The first step is to train the model using the entire data set. The second step is to divide the data sample in 'k' number of subsets (let us suppose, 11). From hereon, these subsets become the testing data sets that are then used for testing the validation of a model one by one.
This particular type of cross-validation is considered to be an unbiased and inclusive validation method as it involves the training and testing of almost every subset.
Stratified K-fold Cross-Validation
The stratified K-fold cross-validation method is yet another method that involves the division of data sample sets in 'k' subsets or folds.
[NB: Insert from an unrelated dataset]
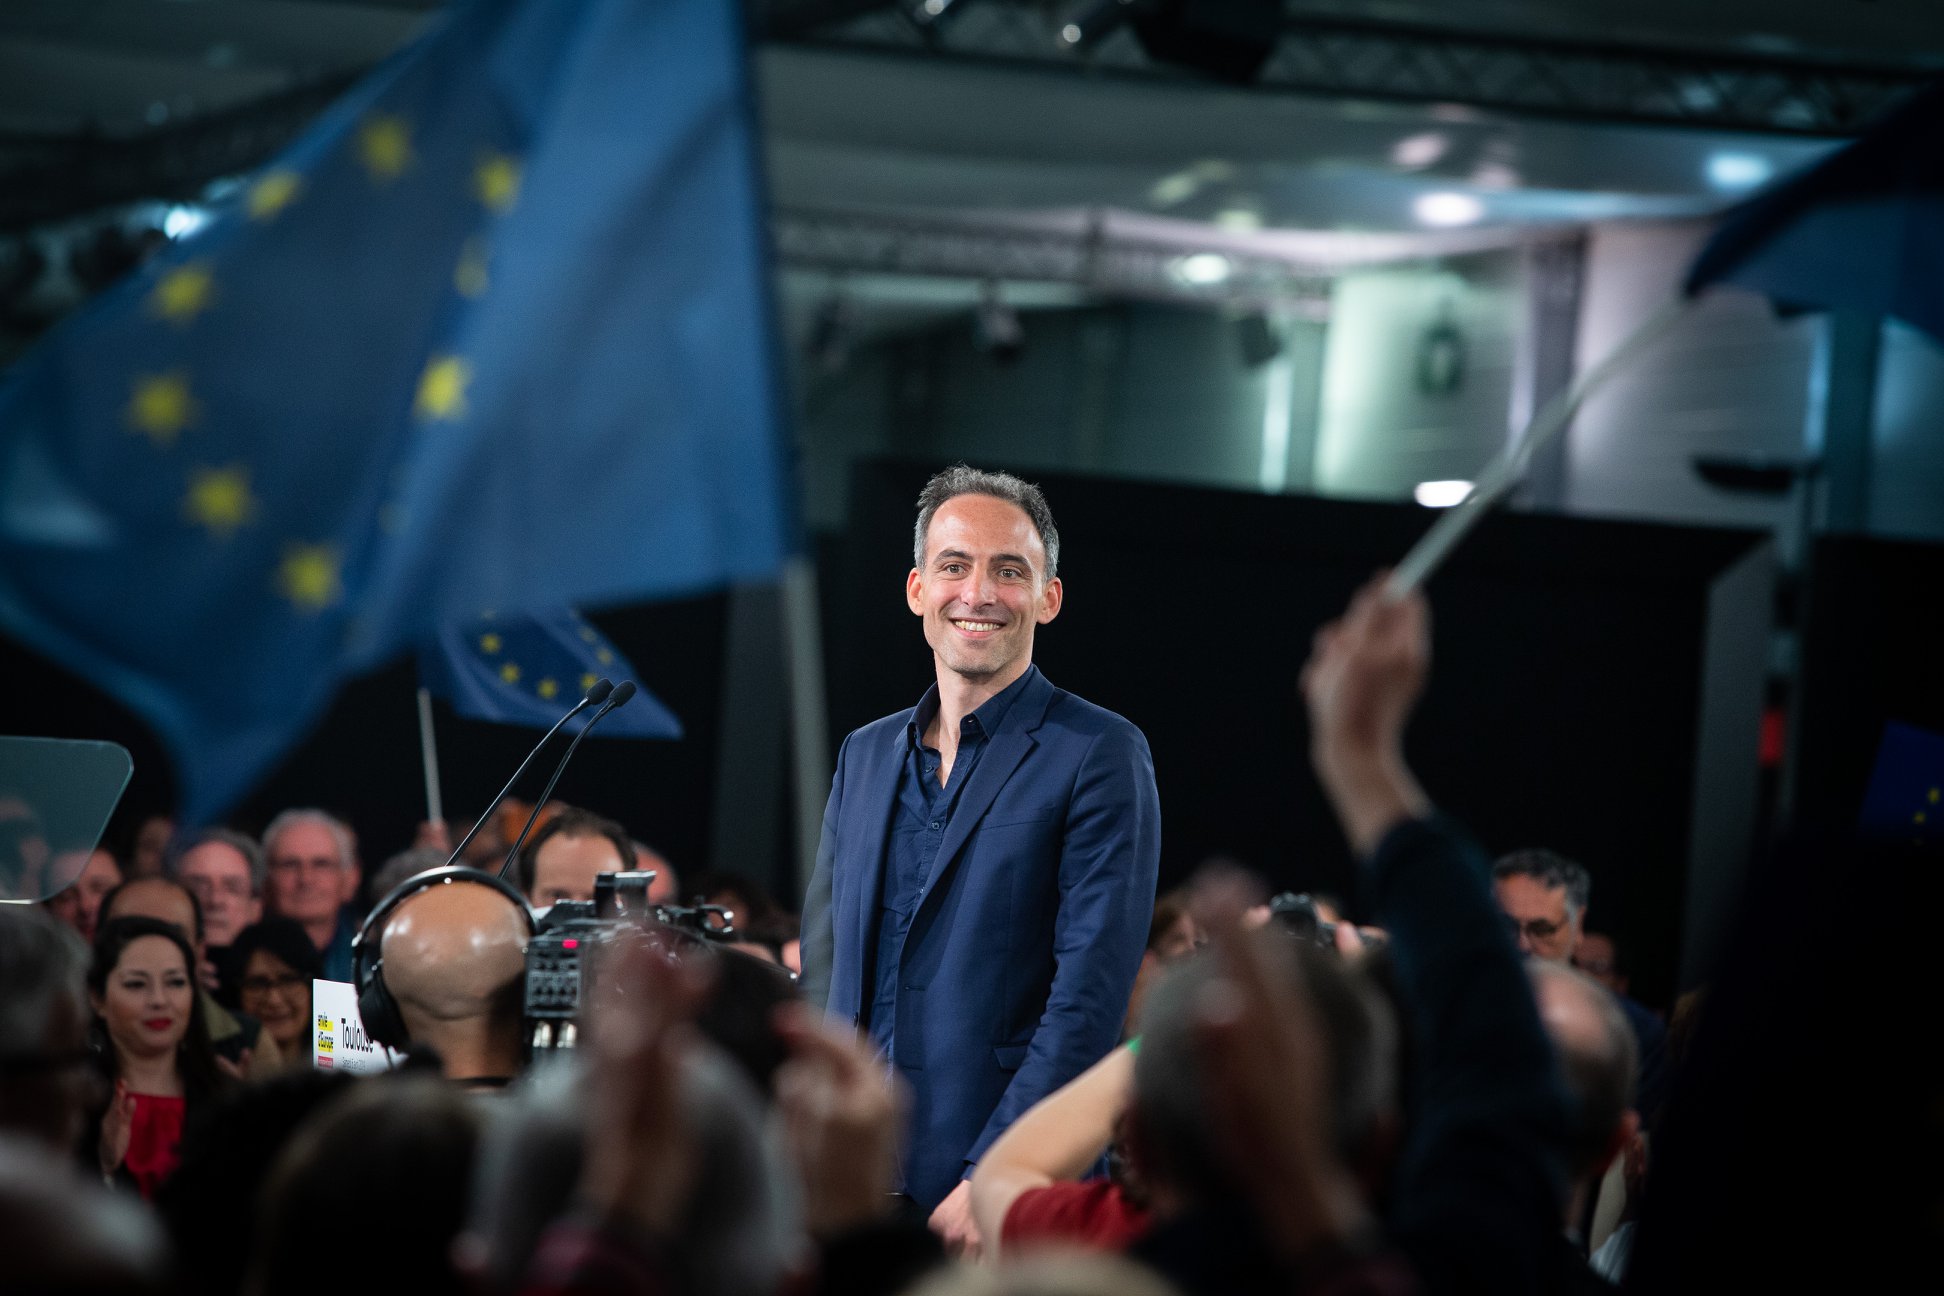 Européennes 2019: Le candidat Raphaël Glucksmann à La Réunion les 26 et 27 avril prochain

However, in order to ensure that there is no biased division of data in 'k' folds, the process of stratification is conducted to rearrange the data in such a manner that each fold represents the whole data.
Especially in the case of classification in machine learning, sunsets must represent data from both classes or all classes. Perhaps stratification leads to the placement of data from all classes in all subsets such that the subsets wholly represent the data and lead to more accuracy.
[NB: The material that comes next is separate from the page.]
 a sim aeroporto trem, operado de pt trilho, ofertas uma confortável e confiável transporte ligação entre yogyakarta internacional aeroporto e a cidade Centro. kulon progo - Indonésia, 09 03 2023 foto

Another type of cross-validation is the Leave-p-out cross-validation method. Herein, the data sample comprises data points (n). The total number of data points (n) is used to separate a set of data points that is used for testing.
These data points are referred to as (p). The training data set is obtained by calculating (n-p) and the model is trained accordingly. Once the training is done, p data points are used for cross-validation.
All possible combinations of p are tested on the model so as to get the maximum accuracy. As there are more than one accuracy level, an average is taken out to get the final accuracy of the model.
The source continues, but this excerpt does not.